A phase line is a one-dimensional diagram showing the equilibrium solutions of dy/dx = f(y) and arrows indicating whether y increases or decreases. This visual tool predicts the long-term behavior of all solutions without solving the equation explicitly.
Draw the y-axis and mark all equilibrium points (zeros of f). Use the sign of f(y) between equilibria to determine flow direction with arrows. Classify equilibria as stable (sink) or unstable (source) based on arrow behavior.
An autonomous equation is one where the right-hand side depends only on y, not on x: dy/dx = f(y). From your study of direction fields, you know that for autonomous equations the slope depends only on the height y — every horizontal strip in the direction field has the same slope. The phase line compresses this entire direction field into a single vertical axis, capturing everything you need to know about long-term behavior.

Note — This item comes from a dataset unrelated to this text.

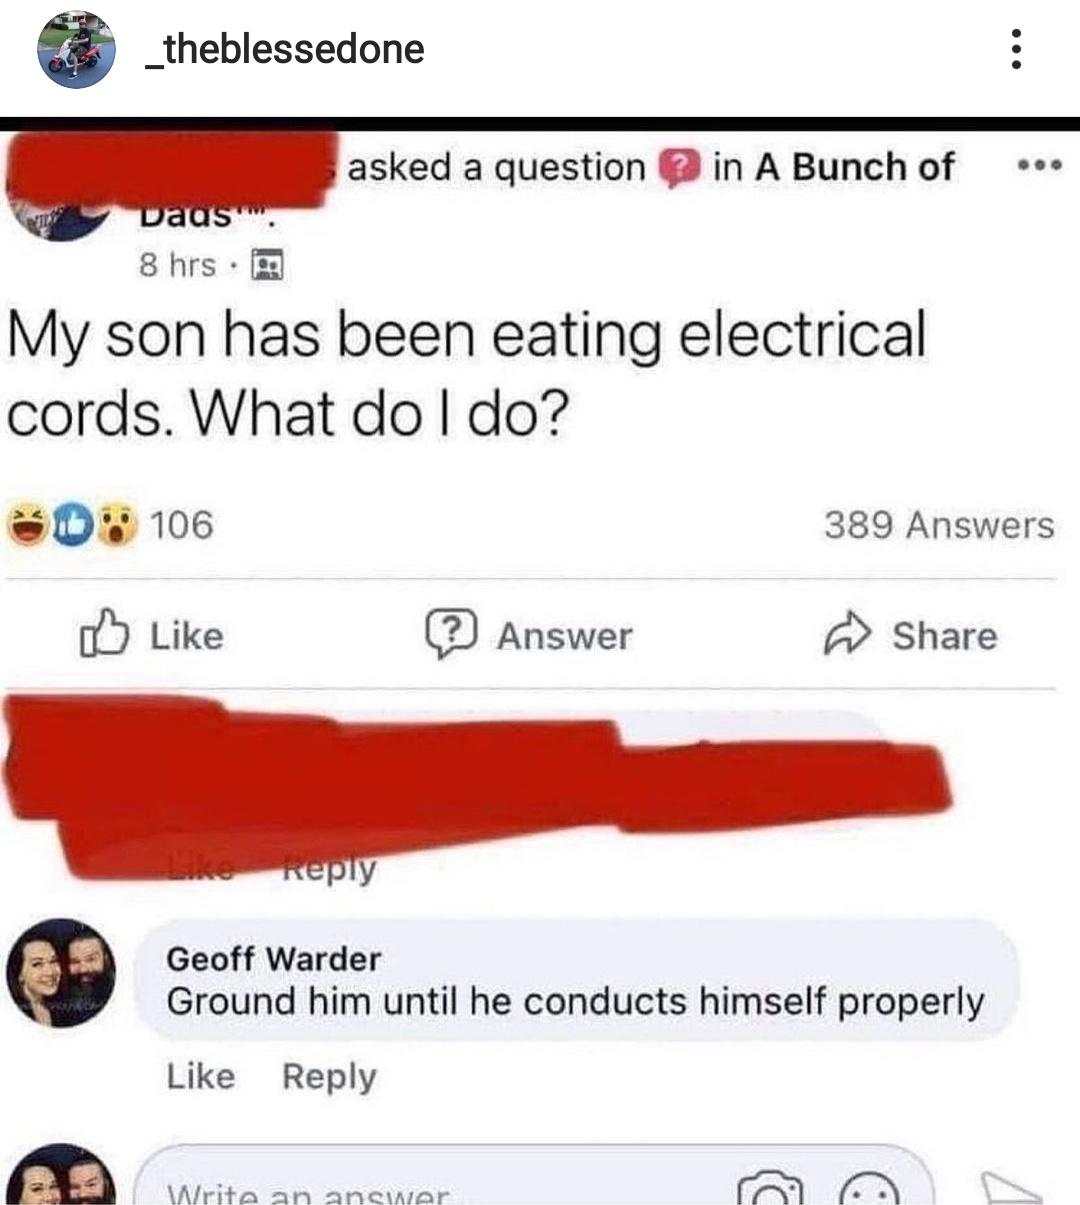 funny memes - hilarious memes - my son has been eating electrical cords - _theblessedone asked a question in A Bunch of vaus. 8 hrs. My son has been eating electrical cords. What do I do? 3D 106 389 Answers ? Answer L. Geoff Warder Ground him until he con

To draw a phase line: first find all equilibrium solutions, which are the values of y where f(y) = 0. Plot these points on the y-axis. Between them, determine the sign of f(y): if f(y) > 0, then dy/dx > 0 and y is increasing, so draw an upward arrow. If f(y) < 0, then dy/dx < 0 and y is decreasing, so draw a downward arrow. The result is a complete portrait of where every solution is headed without computing a single formula.
Stability of an equilibrium y* is read directly from the arrows. If arrows on both sides point *toward* y*, then nearby solutions converge to it — y* is a stable equilibrium (or "sink"). Perturbations decay and the system returns. If arrows on both sides point *away* from y*, then nearby solutions diverge — y* is an unstable equilibrium (or "source"). Small perturbations grow. If arrows point toward on one side and away on the other, y* is semi-stable — stable from one direction, unstable from the other.
Consider dy/dx = y(1 − y), the logistic equation. Setting f(y) = 0 gives equilibria at y = 0 and y = 1. For y slightly negative, f(y) < 0 so arrows point down. For 0 < y < 1, f(y) > 0 so arrows point up. For y > 1, f(y) < 0 so arrows point down. Reading the phase line: y = 0 has arrows pointing away on both sides — unstable. y = 1 has arrows pointing toward on both sides — stable. No matter what positive initial condition you start with, the solution eventually approaches y = 1. The phase line told you this without solving the equation at all. This qualitative power — predicting long-term behavior from the sign of f alone — is what makes phase line analysis essential before the richer phase portraits of two-dimensional systems.